Provided entries:
BEGIN

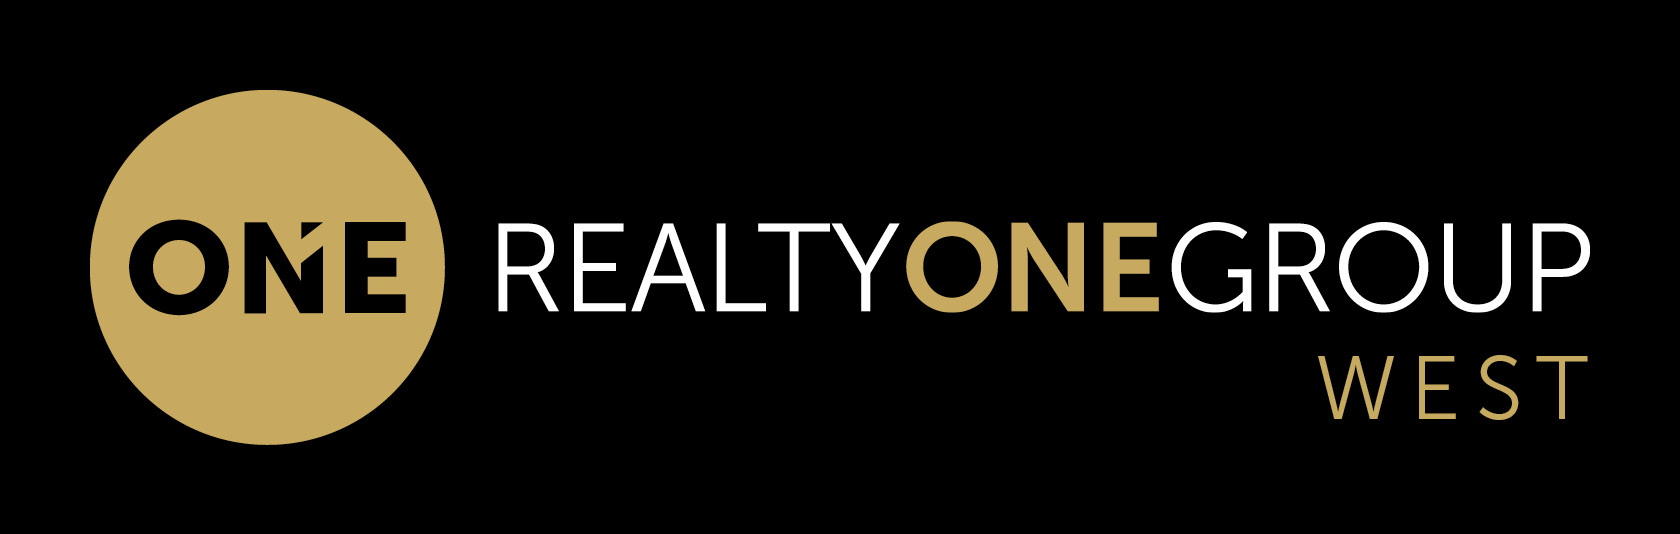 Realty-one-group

END
BEGIN

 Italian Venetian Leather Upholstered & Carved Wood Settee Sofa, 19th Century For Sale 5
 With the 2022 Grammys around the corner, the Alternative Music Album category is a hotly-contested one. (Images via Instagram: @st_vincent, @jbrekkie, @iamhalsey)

END
BEGIN

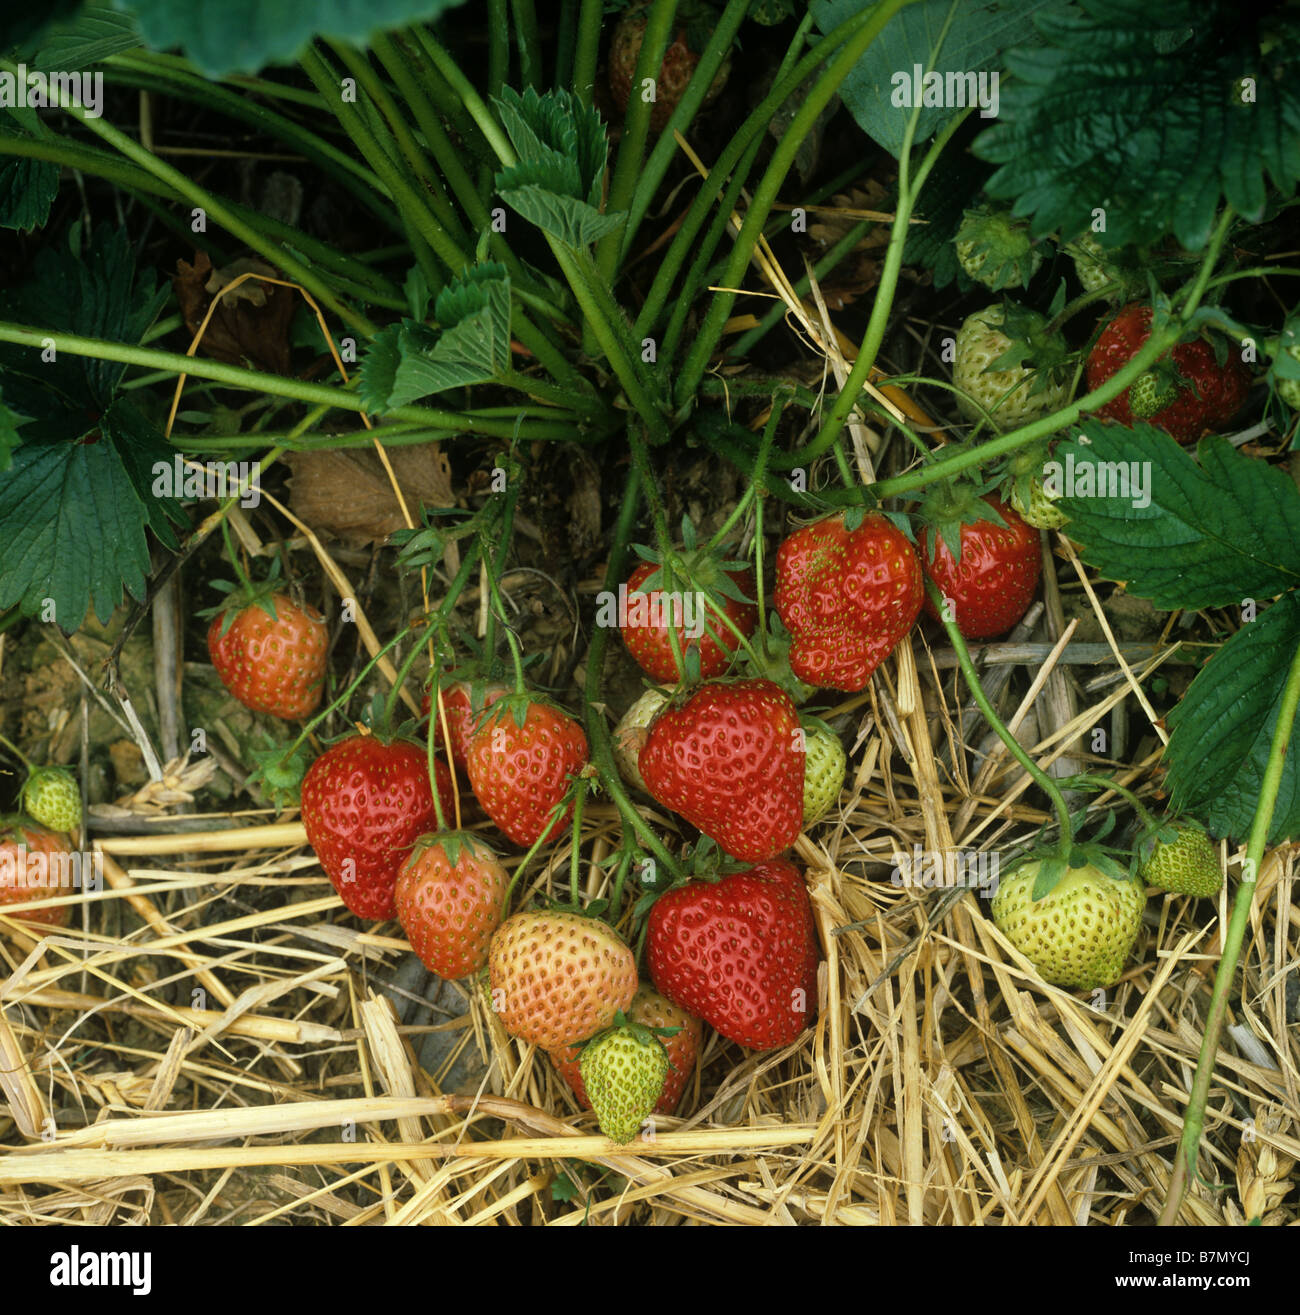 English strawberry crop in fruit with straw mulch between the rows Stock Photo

END

Problem statement: Write down again, exactly as given, only the lines above that fall from the line with "Italian Venetian Leather" to the line with "With the 2022", inclusive.

Solution to this problem:
 Italian Venetian Leather Upholstered & Carved Wood Settee Sofa, 19th Century For Sale 5
 With the 2022 Grammys around the corner, the Alternative Music Album category is a hotly-contested one. (Images via Instagram: @st_vincent, @jbrekkie, @iamhalsey)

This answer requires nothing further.